On Friday, General Motors announced it would lay off 750 workers at its Oshawa Assembly plant in Canada in the fall due to US tariffs. The factory, which employs 3,000 workers, will reduce operations from three to two shifts. Another 1,500 workers will lose their jobs at suppliers and other related industries, according to the Canadian auto union Unifor.
Production is also being temporarily halted this week at the Stellantis minvan assembly plant in Windsor, Canada, affecting 3,800 workers. The one-week shutdown is second time in just over a month that production has been halted at the facility. It was previously shut two weeks in April as Stellantis evaluated the impact of 25 percent US tariffs on imported vehicles.

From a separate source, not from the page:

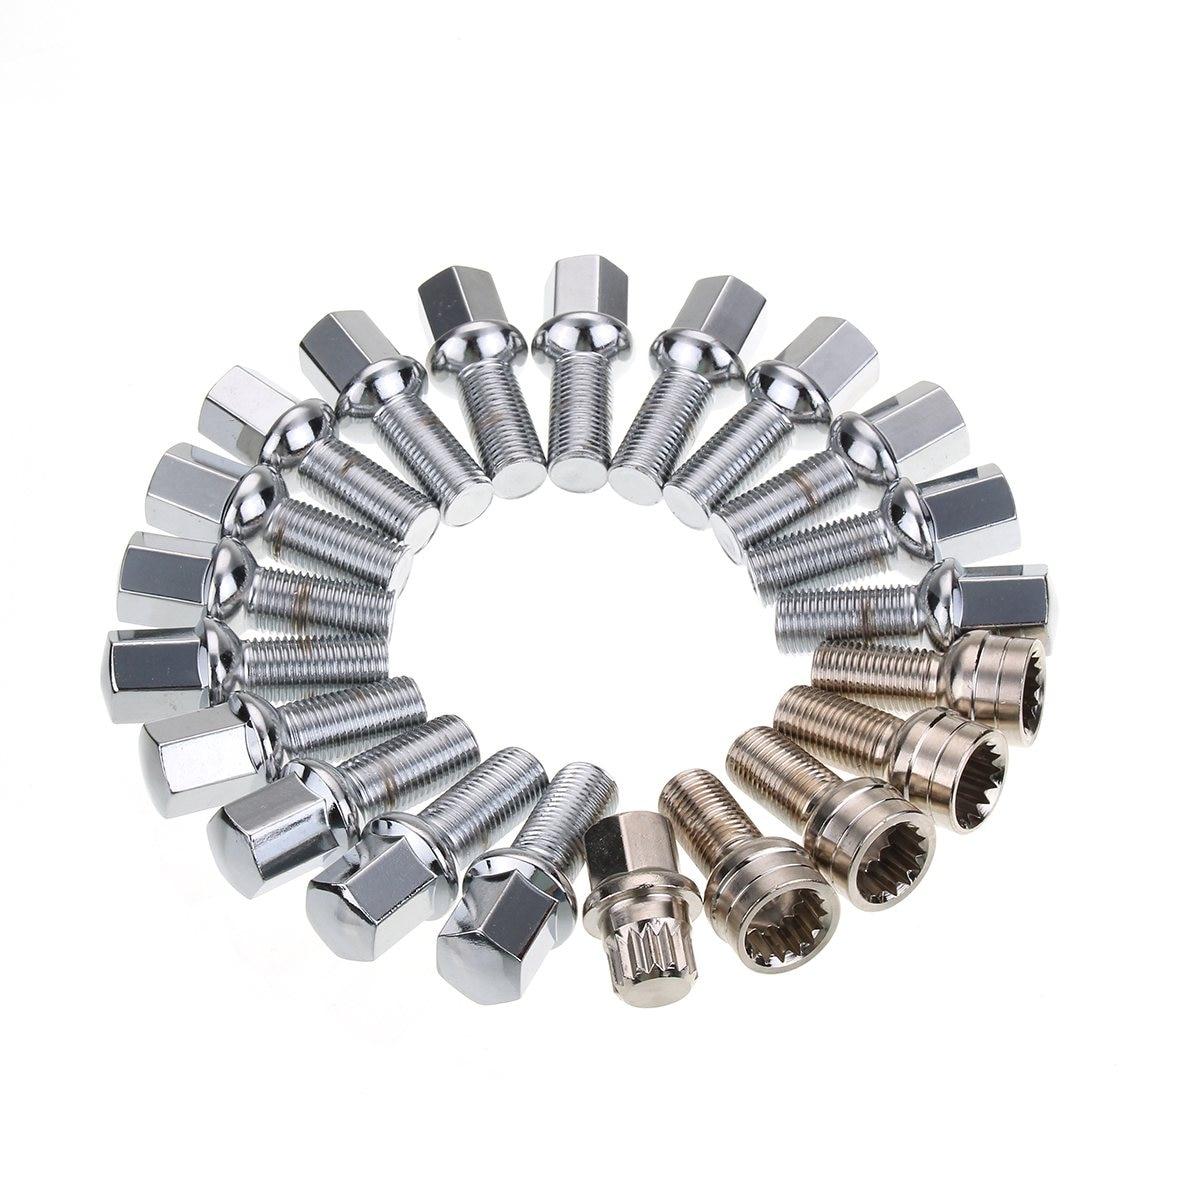 21Pcs Set Alloy Wheel Plain Lock Bolts Lug Nuts For VW Transporter T4 T5 1990 2017

Amid warnings that the tariffs could trigger a wave of bankruptcies, closures and mass layoffs in the North American parts industry, car seat supplier Adient announced it will close two plants in Tennessee by June 27 after GM cancelled its contract to produce seats for Cadillacs built at a factory in Spring Hill. The closures in Maury and Henderson Counties will hit 400 workers, who are members of the United Auto Workers.
In early April, 900 workers were temporarily laid off at five Stellantis plants, including the Sterling and Warren Stamping plants in metro Detroit, and two transmission and one casting plant in Kokomo, Indiana. The plants supply Stellantis assembly plants in Windsor, Canada and Toluca, Mexico, where the automaker temporary halted production after Trump imposed 25 percent duties on all auto imports on April 3.
In addition, Volvo Group North America has announced that 1,000 out of its 7,000 workers at Volvo and Mack Trucks plant in Pennsylvania, Maryland and Virginia will be temporarily laid off in the coming months due to the impact of the tariffs.
A veteran Sterling Stamping worker told the WSWS over the weekend:
Word went around the plant that we were going to be off starting on Monday. Even a lot of the guys who voted for Trump are now saying cut the damn tariffs. No one is going to spend $5,000 on top of the regular price for a SUV or car. We didn’t get layoff slips but everybody is worried about it.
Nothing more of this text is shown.